My code is as follows:

x<-read.table('1')
y<-read.table('2')
z<-read.table('2')

MyFunc<-function (data){
  plot(data[1]~data[2])
  title(main=substitute(data))
  data.new <- some.manipulations(data)
  write.csv(data.new,file=paste(substitute(data),".csv",sep=""))
}

my.list <- list(x,y,z)
lapply(mylist,MyFunc)

I want this to generate a graph and a .csv file for 25 or so different tables.
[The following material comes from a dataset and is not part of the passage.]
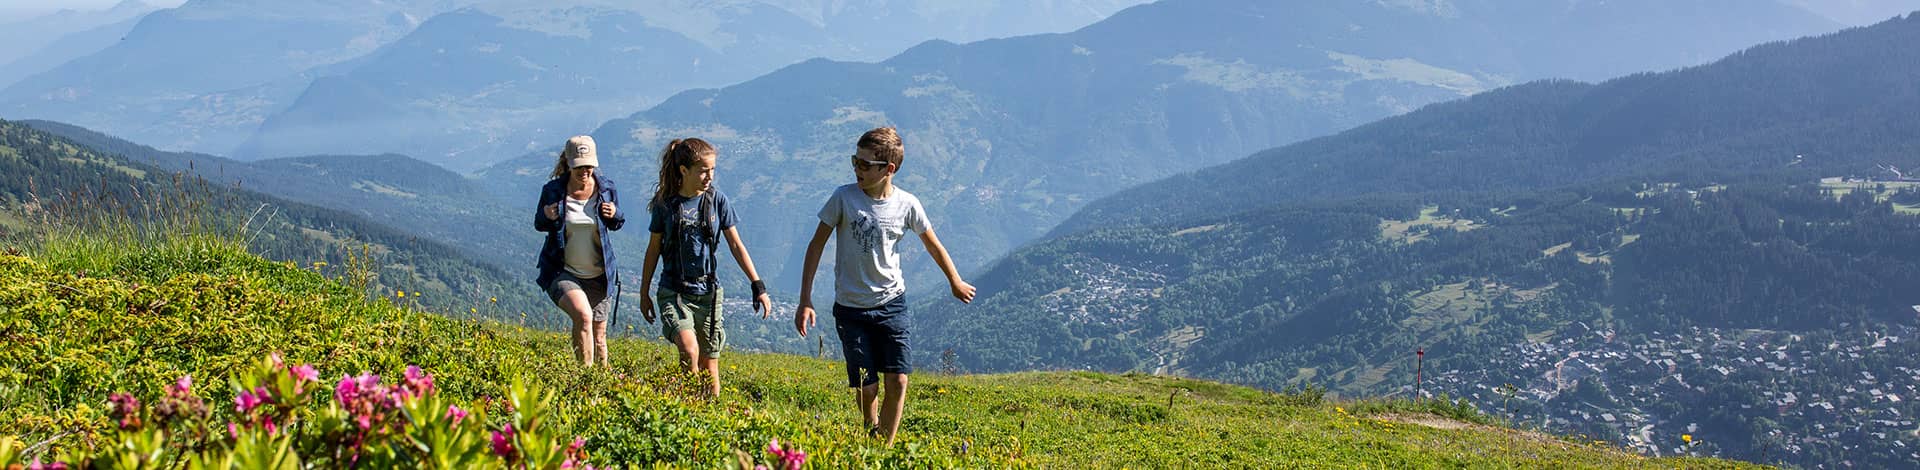 Randonnée Alpes à Méribel en Savoie dans Les 3 Vallées, itinéraires randonnée pour des vacances en famille en été

It works fine if I call it individually - for example if I execute:

MyFunc(x)

I get a graph titled "x" and a file x.csv My problem is I need to do this many times, and when I put all of my tables in a list and try using lapply or sapply, each table somehow loses it's name so the graph has no title and the file isn't created because blank.csv isn't a viable file name. I also tried concatenating the objects:

my.list <- c(x,y,z)

This yielded the same issue. Any help would be much appreciated!

Answer 1

The usual way of handling something like this is to send the desired name to the function as well. In this case it may help to name the elements in your list with the desired names. Perhaps something like this:

f <- c('1', '2', '3')
d <- lapply(f, read.table)
names(d) <- f # optionally some other names

MyFunc <- function(dat, nam) {
  plot(dat[1]~dat[2])
  title(main=nam)
  dat.new <- some.manipulations(dat)
  write.csv(dat.new, file=paste(nam, ".csv", sep=""))
}

lapply(names(d), function(n) MyFunc(d[[n]], n))